Over here at The Urban List, we want our readers to know what's in store for them for the week ahead. So we're bringing you horoscopes for real people - who want their cosmic predictions with a side of honesty. Here are your horror-scopes, including suggestions for where to drown those mystical sorrows when you find out what you're *really* in for this week.
If you're planning a birthday this week, Aquarius—or if you just need a good excuse for a party—Mercury is telling you that it's time to get creative! Get crafty with a fugly/awesome glitter-covered fancy dress outfit, or bake a cake that's so laden with sugar your guests will be flying sky-high for days, then invite everyone on your Facebook friends list to share in the frivolity. Hey, we never said a year older meant a year wiser.
Where you need to go this week: To the nearest market to grab some supplies, then head home, crank some tunes, and get creative.
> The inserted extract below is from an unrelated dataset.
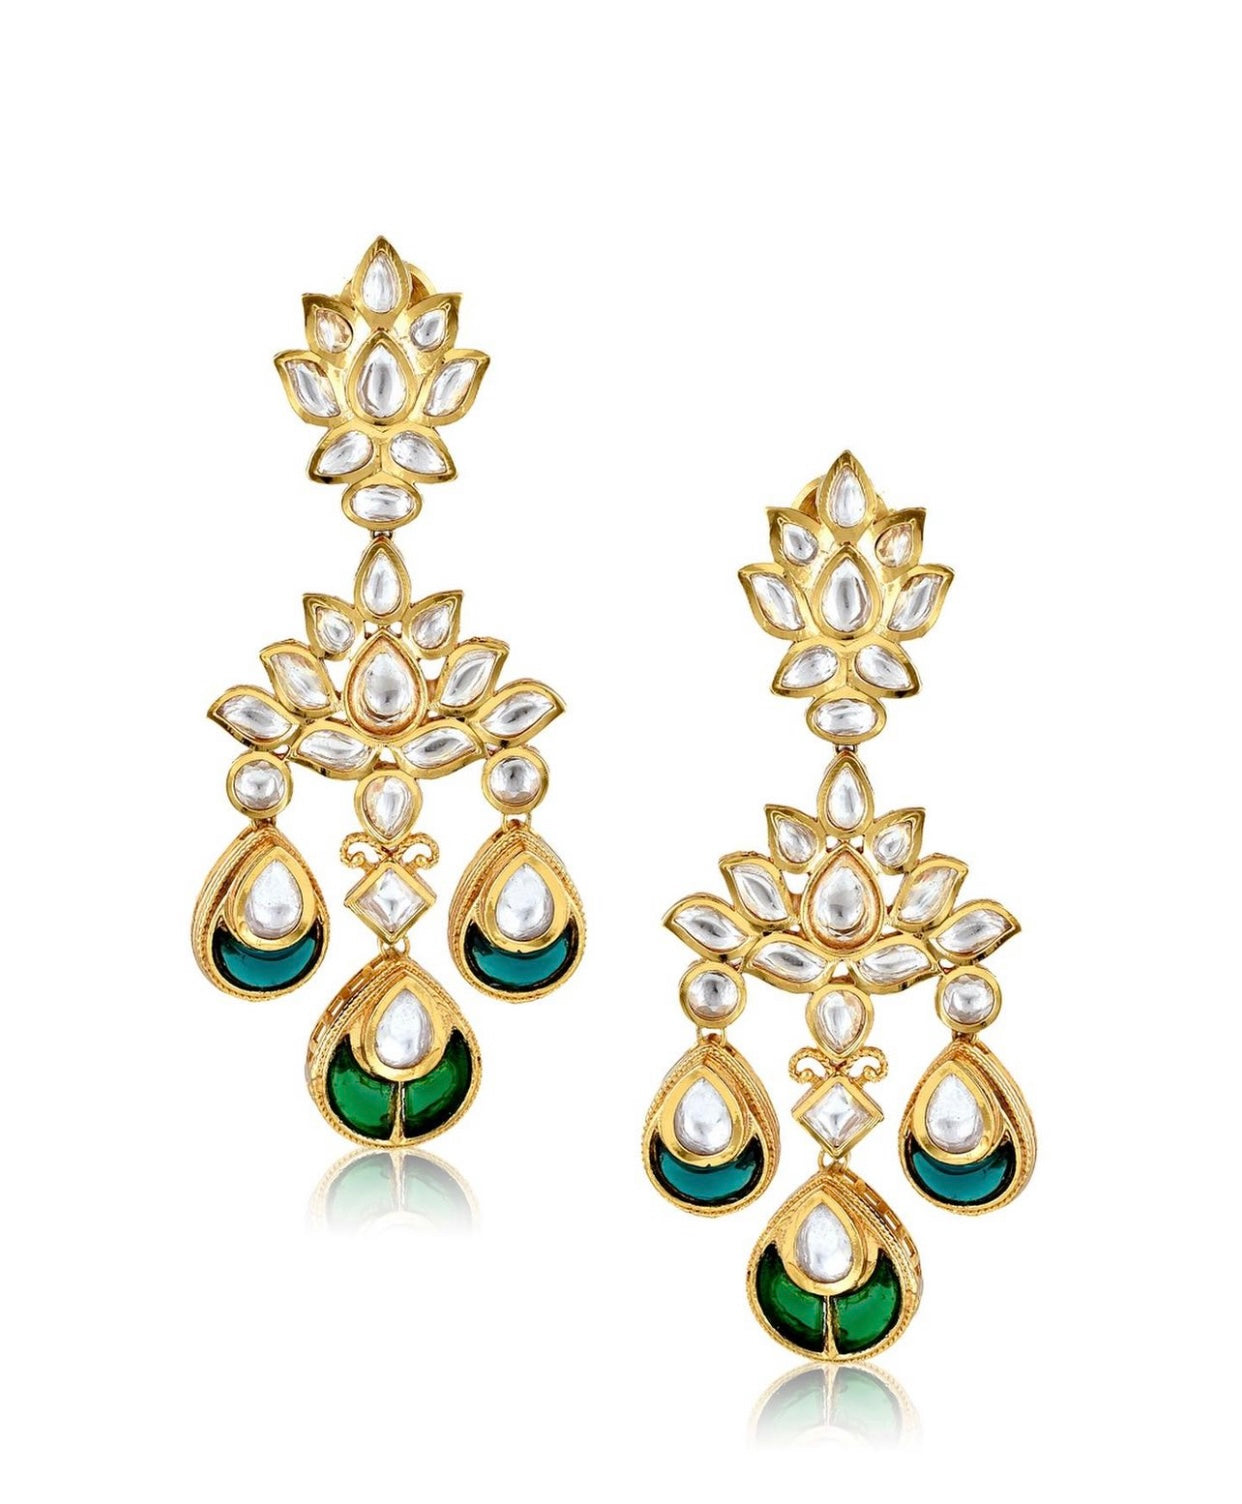 THE BUTTERFLY EFFECT JEWELRY - Lotus Cut Kundan with emerald stones Dangler Earrings

Pisces, THIS. IS. IT. Yes, it's the week when you finally up sticks from that job you hate and get offered something that's more in line with what you actually want to do. Don't tell your boss how much you hate them juuuussst yet—hold off until that offer comes in later this week, then make one of those hilarious 'I quit' viral videos and send it to us. We need a laugh.
Where you need to go this week: Anywhere that you can shed those shackles and have a few bevvies. Maybe start with an outrageous cocktail or two?
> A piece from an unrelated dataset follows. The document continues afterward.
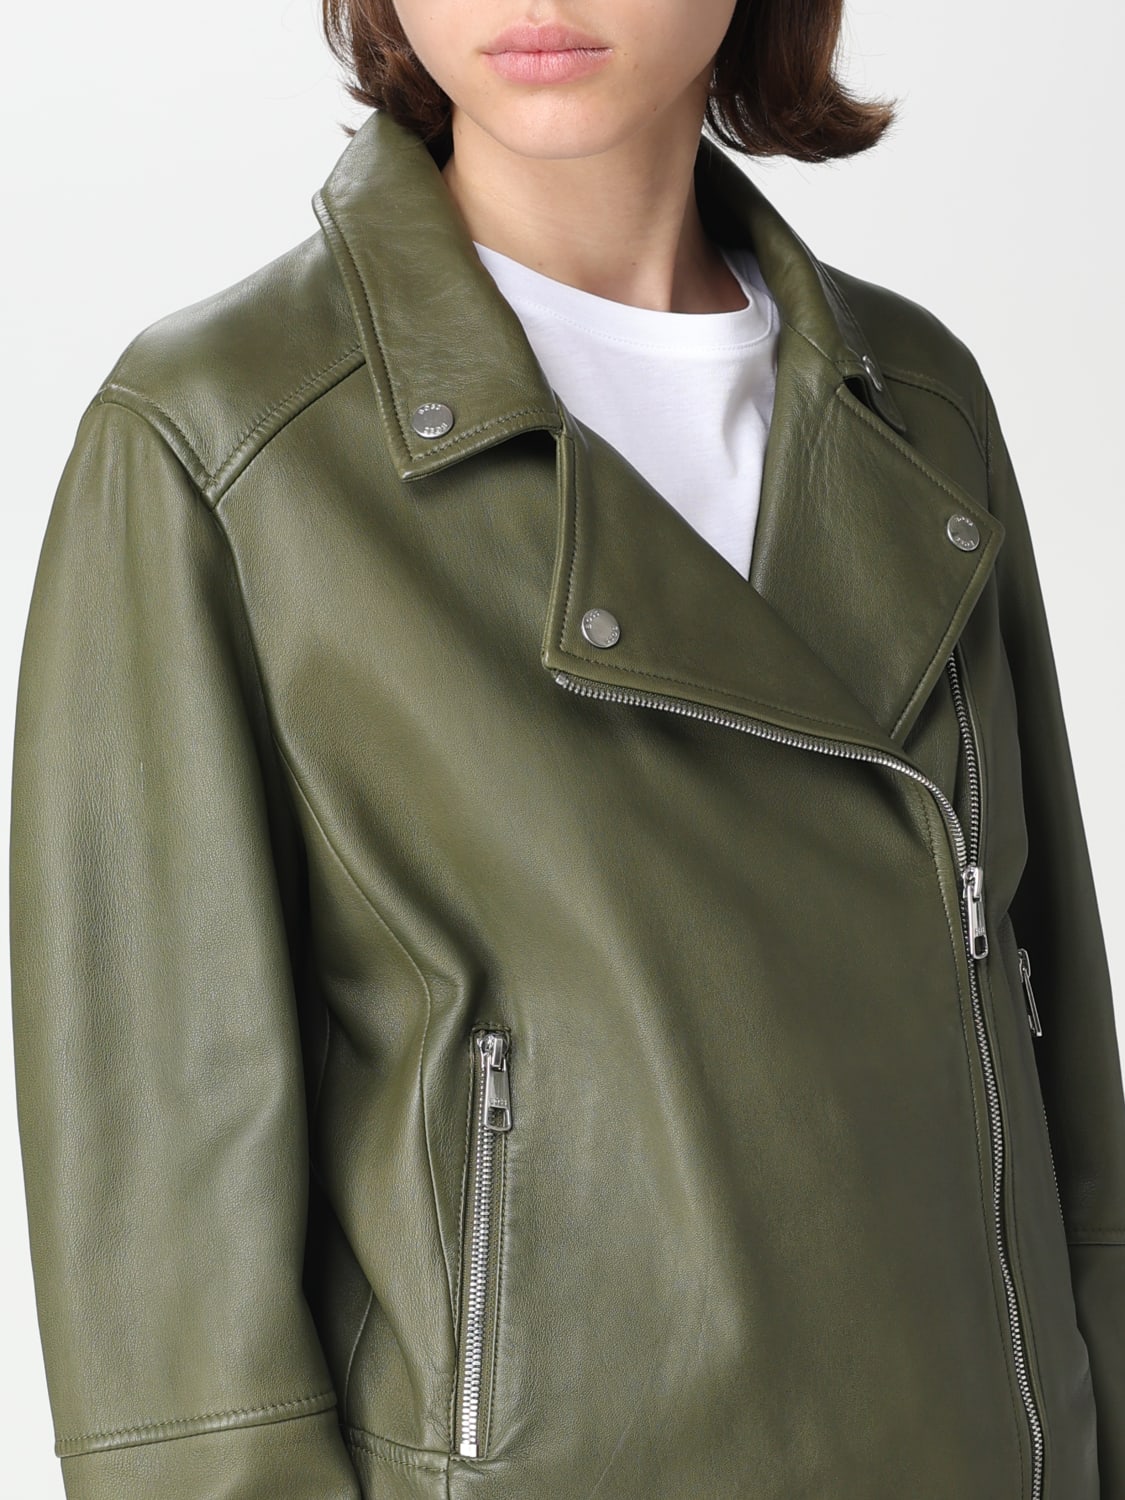 Middelhavet Som regel tyve BOSS: jacket for woman - Green | Boss jacket 50487600 online at GIGLIO.COM

Whether it's Gwynnie's latest air diet, or that juice cleanse that you're free-gan mate keeps banging on about, you've always been cynical about the health fads that come and go. This week, it's time to give that weird green food diet or obscure natural therapy a go. Leaches to purify blood? Bee serum to boost your immune system? Howling at the moon for good luck? Try it all, Aries, then ditch it after a day when you realise it's totally stupid.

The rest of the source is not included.